As election reforms have become a key issue across the nation, in 17 states independent voters still cannot cast a ballot in primary elections.

This restriction applies to presidential primaries in some of these states, state and congressional elections in others, and all types of primaries in most of these states. (The interactive version of the map below can be viewed here.)

The Democratic and Republican parties in these states jealously guard their taxpayer-funded primary elections by treating independents as outsiders. In reality, independents outnumber both Democrats and Republicans nationwide, with polls showing up to 43 percent of Americans self-identifying as independents.

As a result, the “closed” presidential primaries in 2016 cost taxpayers roughly a quarter-billion dollars, yet they cast aside 26.3 million voters. The party leaders may look at independents with a jaundiced eye, but one poll found 70 percent of the nation’s voters favor open primaries.

As bad as it is that independents in one-third of the states are shut out of the primary process, things used to be worse. In a guest column written for The Hill, John Opdycke, president of Open Primaries, a nonpartisan reform group, reports that some progress has been made.

In 2016, the Democratic Party opened their presidential primaries to independents in Oklahoma, South Dakota, Nebraska, California and Alaska. So did the Republican Party in Alaska.

In several states, according to Opdycke, activists are pushing to open their primaries before the 2020 elections. But the timeline is surprisingly short as party leaders in all states will set the rules for the next election by the summer of 2019.

In most states, voters register as a Republican or Democrat – or, in some cases, as an independent. But the two parties are in control as they establish the procedures for the primary election process in each state. In fact, the U.S. Supreme Court has ruled that the state parties can open up primary elections to independents even if state law forbids such a move.

In Michigan, where voters do not declare their political affiliation when registering, the primary system is considered open though voters must choose either a Democratic or Republican ballot at the polls.

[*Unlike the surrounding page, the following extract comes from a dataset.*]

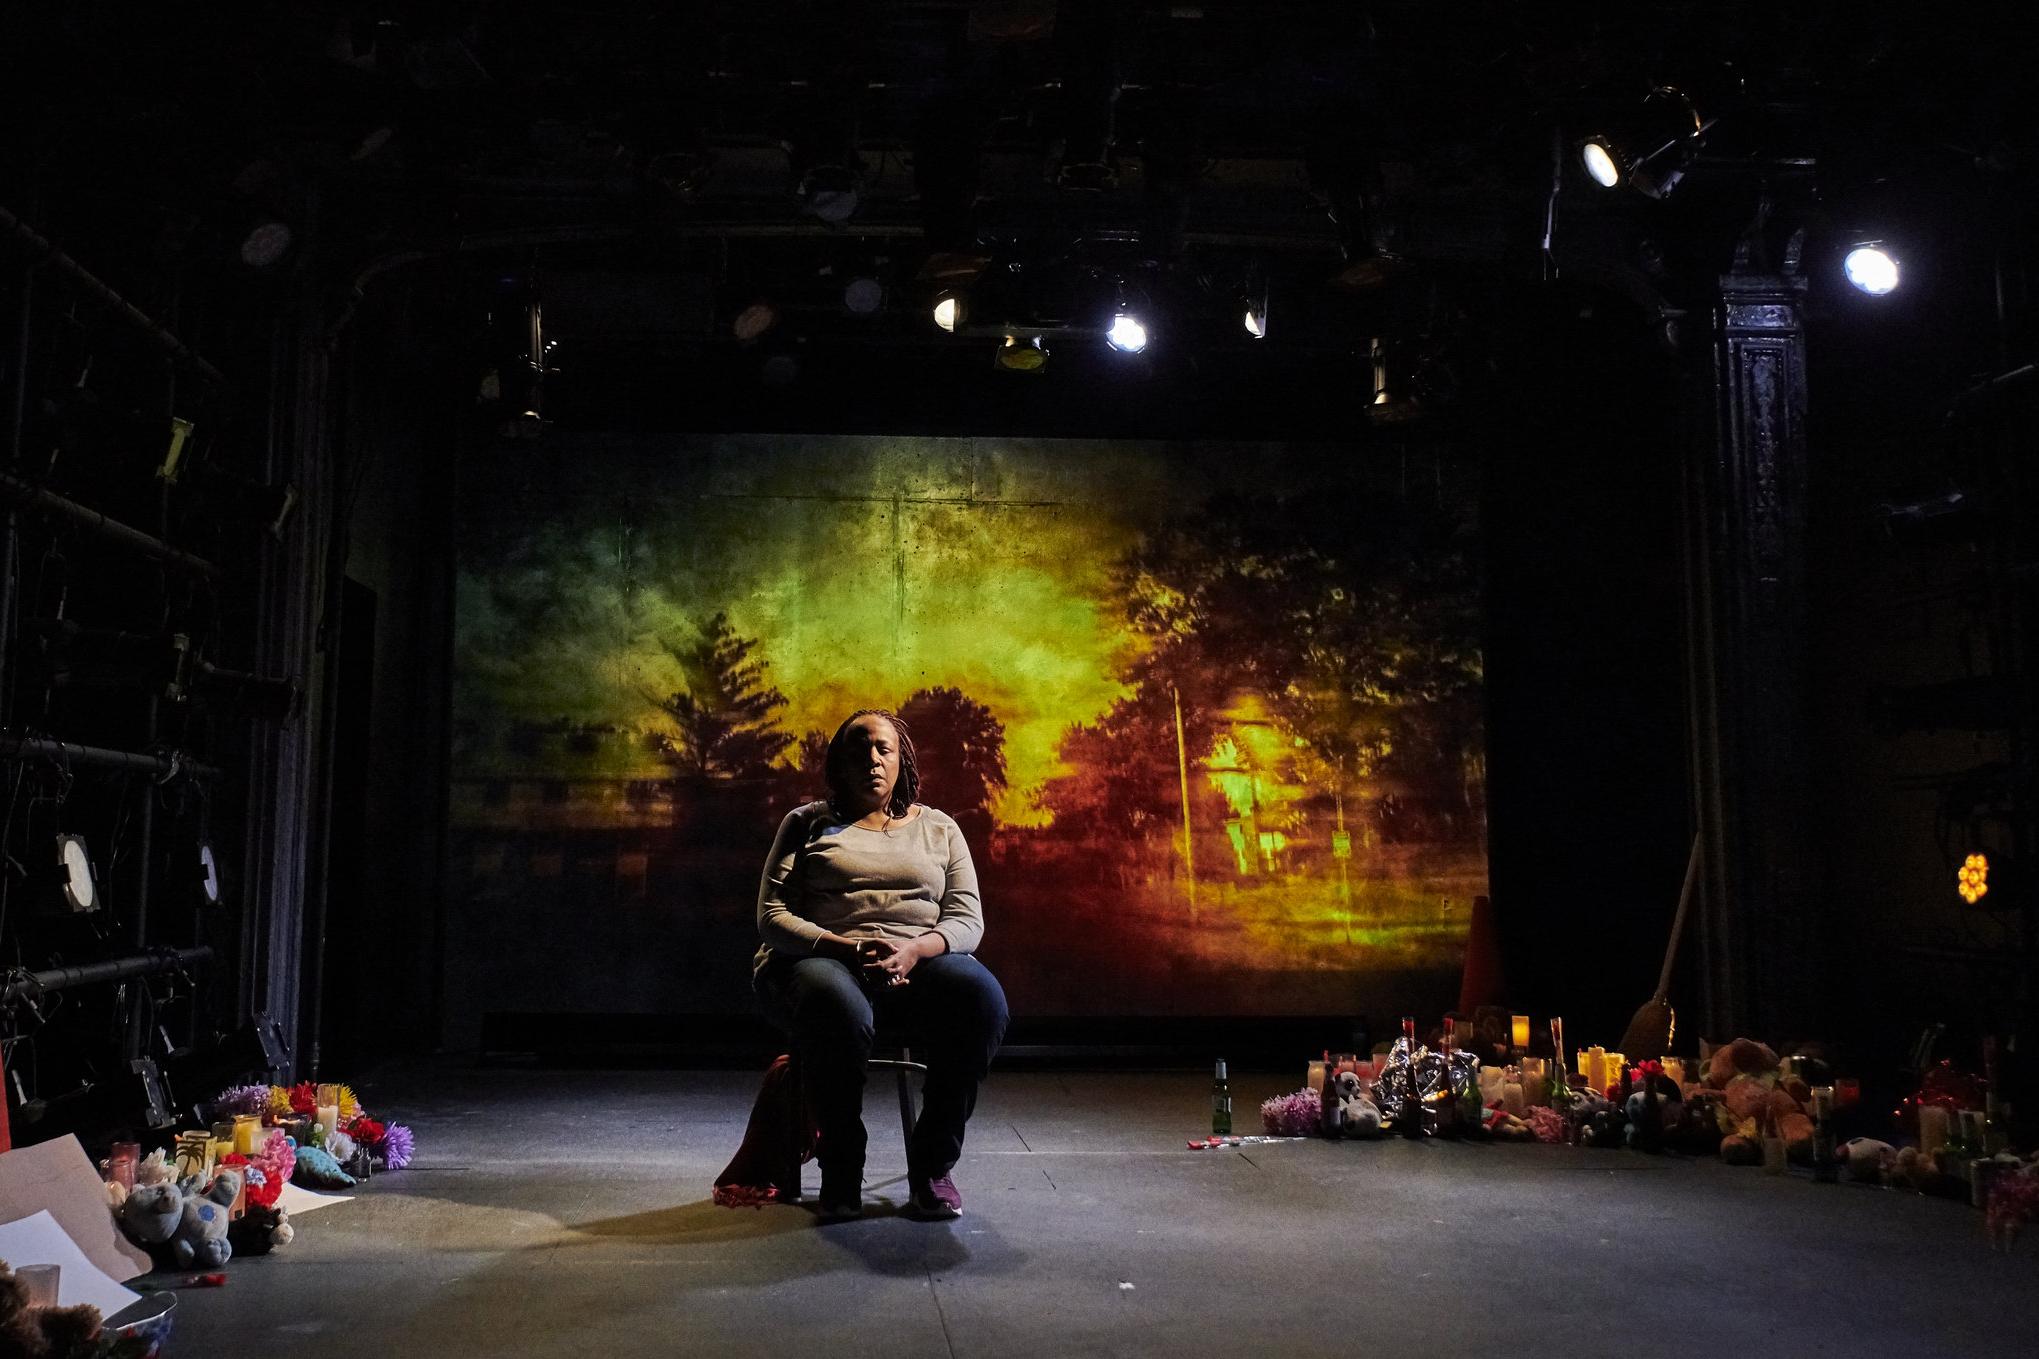 photo: Robert Altman, courtesy of Rattlestick Playwrights Theatre, 2018

Groups such as Open Primaries and the Independent Voter Network are leading the way in a grassroots push to end closed primaries. In some cases, lawsuits have been filed. But Opdycke warns that GOP leaders in a few states are hoping to make participation in primaries more restrictive, not more inclusive. And some Democratic leaders go so far as to argue that independents don’t really exist, so voters who lean toward the Democrats should declare themselves a party member.

Opdycke offers this view as the 2020 elections loom on the horizon:

Leaders in both parties may wake up and realize it is in their self-interest to roll out the red carpet to independent voters, whose votes they will desperately need in November in closed primary battleground states like Florida, Pennsylvania and Arizona. The DNC (Democratic National Committee) and the RNC (Republican National Committee) penalize state parties if they attempt to move the date of their presidential primary too far forward. They could adopt a similar posture towards the inclusion of independents, penalizing state parties that don’t allow them to cast a ballot. After all, it’s harder to say “vote for us” in November after asserting “no independents allowed” in March.